Could mobile working be putting corporate data at risk?
22nd March 2017

by Shannon Greenhalgh

Cyber security is one of the chief challenges facing businesses. No company is too large for a leak as the likes of TalkTalk and Three have demonstrated, and it seems that staff negligence or mistakes often have a hand in security alerts. Writing for telecoms and IT news site VanillaPlus, John Fielding, EMEA managing director at Apricorn, discussed the results from a study which found that corporate data may be compromised if corporations do not adapt their security policies to the growing trend of remote working.

According to the study by Apricorn and Vanson Bourne, almost half (48%) of the companies surveyed stated that employees were one of their biggest security risks. Employee error or the mishandling of data is often one of the main culprits for breaches, but as remote working becomes more common and data is taken out of the company network, the scope for mistakes becomes greater.

Research by the TUC last year found that the number of remote workers has increased by a fifth over the last ten years. Mobile working creates vulnerability as companies are unsure of how to adequately enforce a security strategy that covers every network.

Additionally, the number of devices that staff bring with them – such as USBs, phones or tablets – and the sheer scale of the internet of things (IoT) both leave the company open to hackers or ransomware. Consider also individuals who may have unsecure home networks or those who do not have adequate cyber protection but still have access to company emails, platforms and important data.

Unsurprisingly, of the organisations surveyed, 53% said that managing all of the technology that employees need and use for mobile working is "too complex", while a further 35% complained that technology for secure mobile working is too expensive. Conversely, 57% explained that while they agree that mobile workers are willing to comply with security measures, they don't have the necessary skills or technology at home to keep company data secure.

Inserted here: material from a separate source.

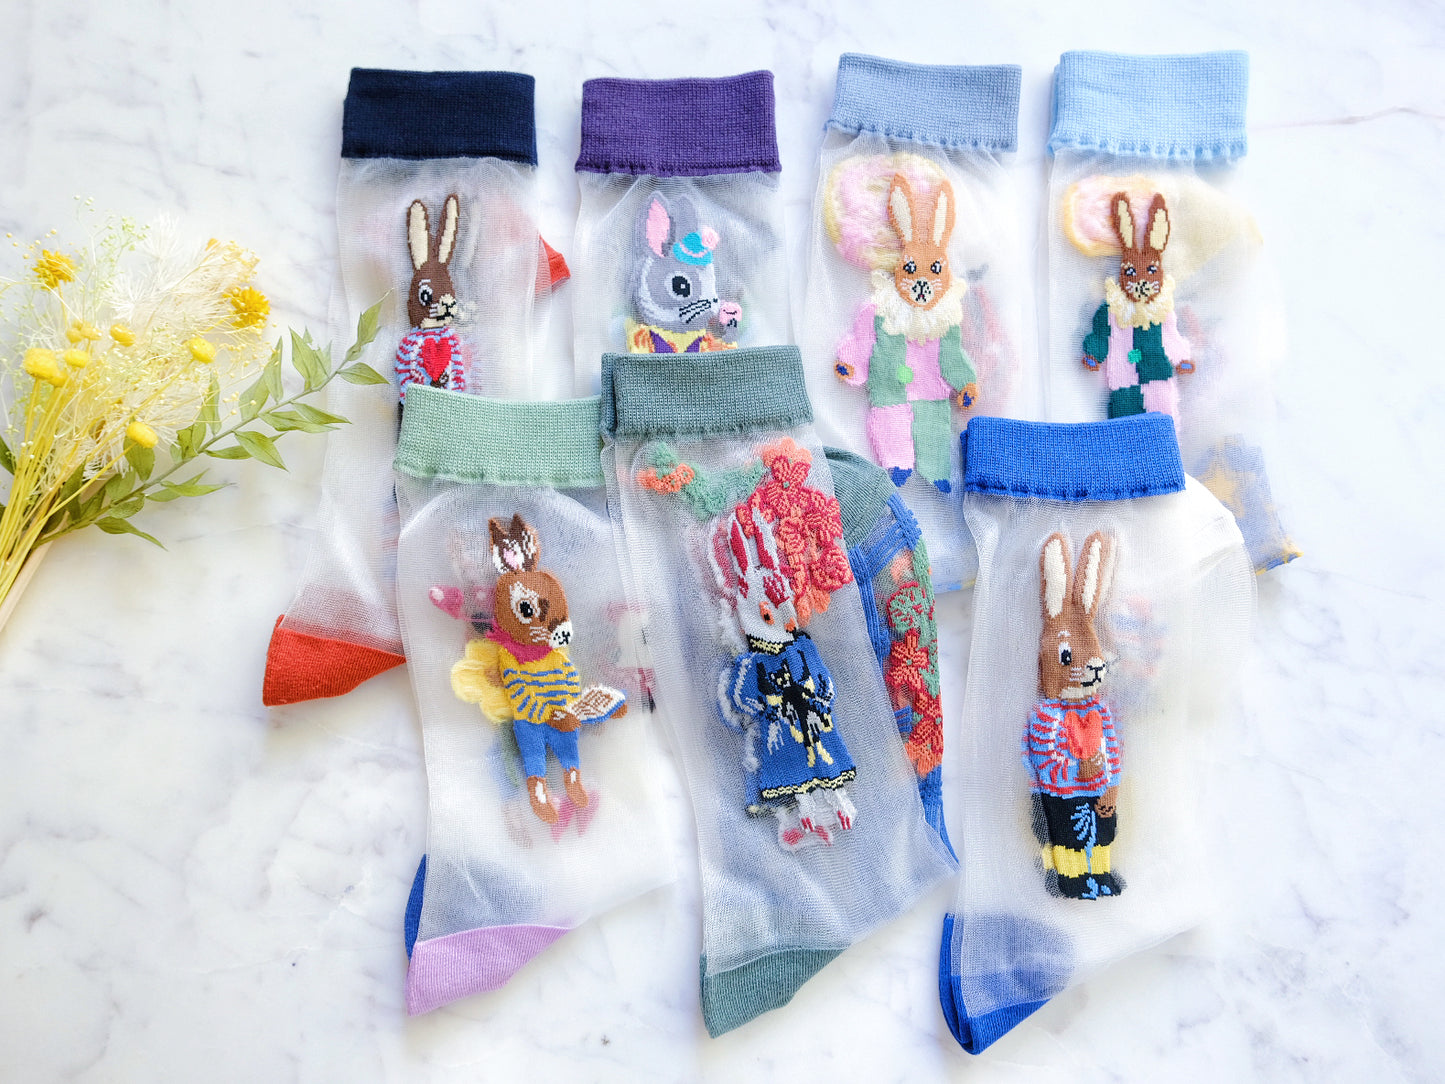 Miss June’s | Women’s Glass Silk-like Transparent socks | Cute | Colorful | Summer | Patterned | Gift Idea | Casual | Bunny lover | animal|

Fielding writes: "It is clear that while many organisations recognise the security problems associated with mobile working, sometimes it's down to a lack of adequate training or not providing the right tools. Businesses must be poised to further improve security capabilities by preparing for shifting business models and enhanced data-privacy needs such as the introduction of the European General Data Protection Regulation (GDPR) due to come into force in 2018."